Hello! I am quite new to this issue of plantar fibromatosis. I have posted this on the Dupuytren Board, because there seems to be much more attention paid to DD over LD.

Naturally, I am concerned about finding appropriate treatment and insurance support in the U.S. I have reviewed the U.K. NICE's guidance and observed that they concluded that the efficacy of RT is uncertain, but that it does not raise any serious safety concerns; and hence they approved its use under controlled circumstances.

I see on the forum that some U.S. patients are being turned-down by insurers for reasons such as: "We have reviewed the documentation provided. The requested service is not covered for the following reason: Radiation for Dupuytren's Contracture is considered experimental and investigational. Evidence comes from observational studies, or from randomized, prospective controlled trials." Clearly, it does not help our cause with U.S. insurers that the U.K. NICE has basically taken the same position.

I am hoping someone here can address these questions concerning supporting insurance appeals:

(1) Since the literature search conducted by NICE was last updated in July 2010 - have they subsequently been made aware of Dr. Seegenschmiedt's results on long-term outcomes for DD and LD as presented at the Miami Conference in 2010?

(1a) Would these results hold up as “observational studies or randomized prospective controlled trials?” It appears that NICE considers Dr. S's earlier results (References #1 and #2) as randomized controlled trials. I'm not sure why the U.S. insurer specified "prospective" vs. "retrospective" trials.

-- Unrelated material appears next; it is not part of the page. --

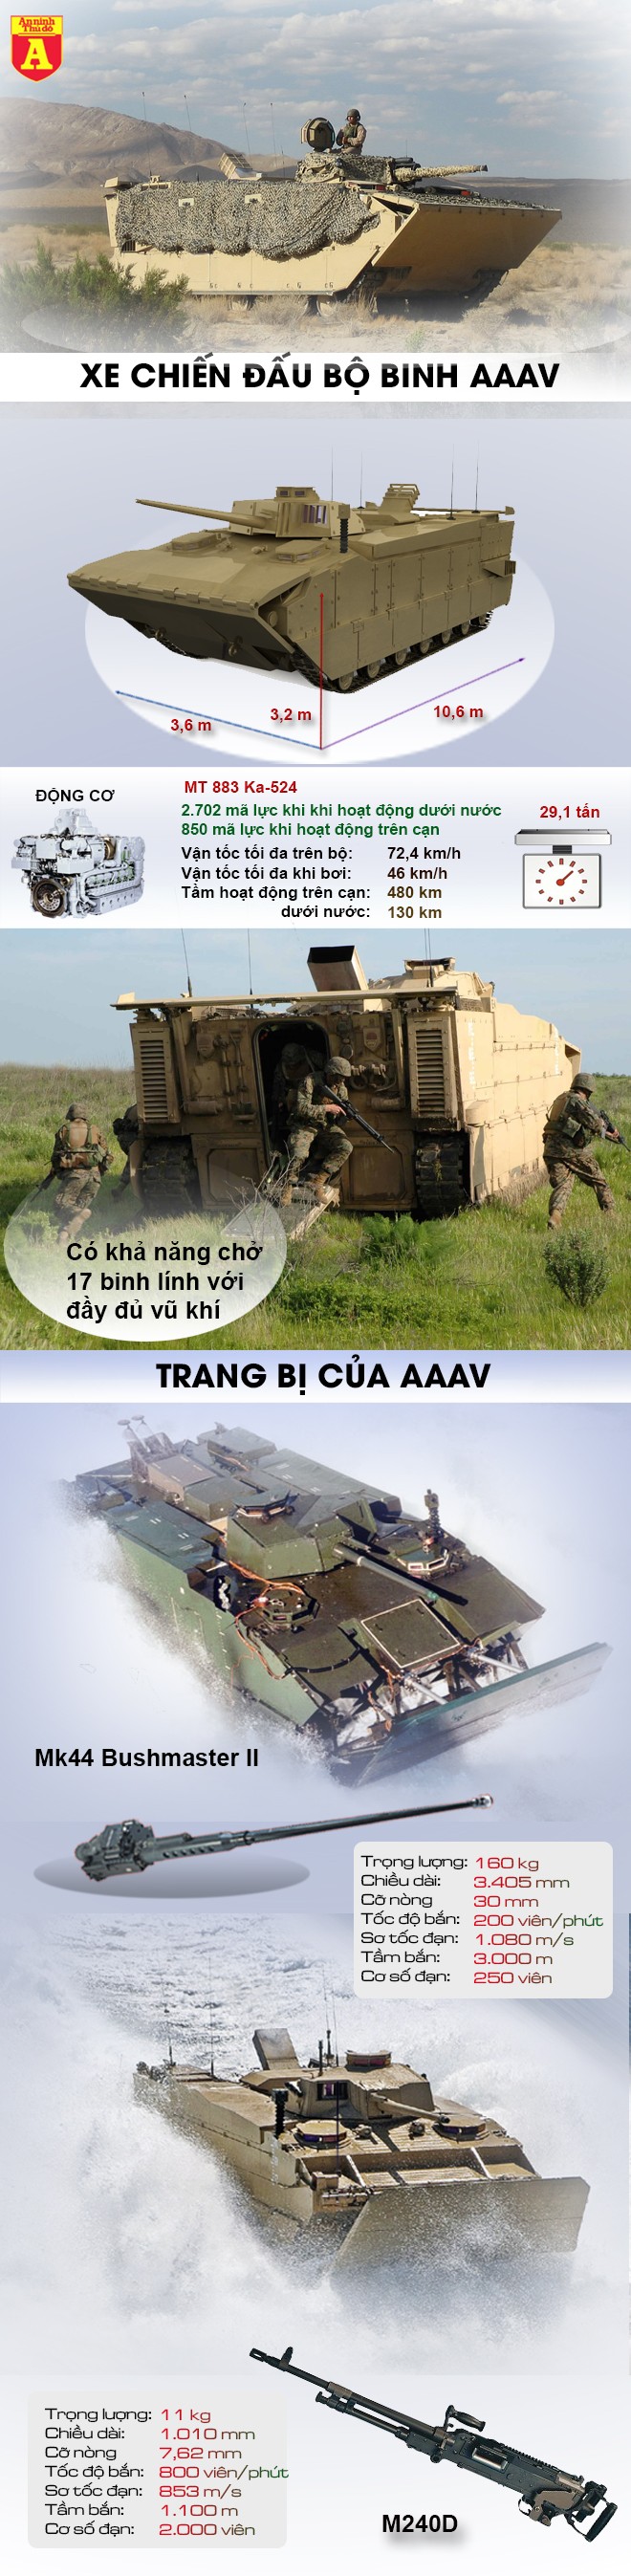 [Infographic] "Quái vật đổ bộ" AAAV của Mỹ "đè bẹp" niềm tự hào VN-18 của Trung Quốc mới khai sinh ảnh 2

(1b) If NICE has seen these updated/long-term results for DD, are they considering updating their guidance? If not, should these results be brought to the attention of NICE?

(1c) Has NICE been approached to consider the long-term outcomes study by Dr. S. on LD?

(2) It appears that Dr. S. is the only source for randomized controlled studies of DD and LD treatment. I can appreciate the difficulty in conducting such a study. Has U.K. Dr. Shaffer or any other U.K. researcher published any observational results to-date?

09/25/2012 08:25
Lanod 
09/25/2012 08:25
Lanod 
Re: Questions about RT and U.K. NICE Guidance

Myrightfoot,

Prof. Seegensmiedt published his work on MD and LD radiotherapy this year - 2012 - as a properly conducted Phase III clinical study. Some previous radiotherapy treatment studies in this field would be considered as Phase II studies. So this Phase III study must carry some weight - using a population of circa 500 patients and circa 750 hands, and using a minimum follow-up time of 5 years.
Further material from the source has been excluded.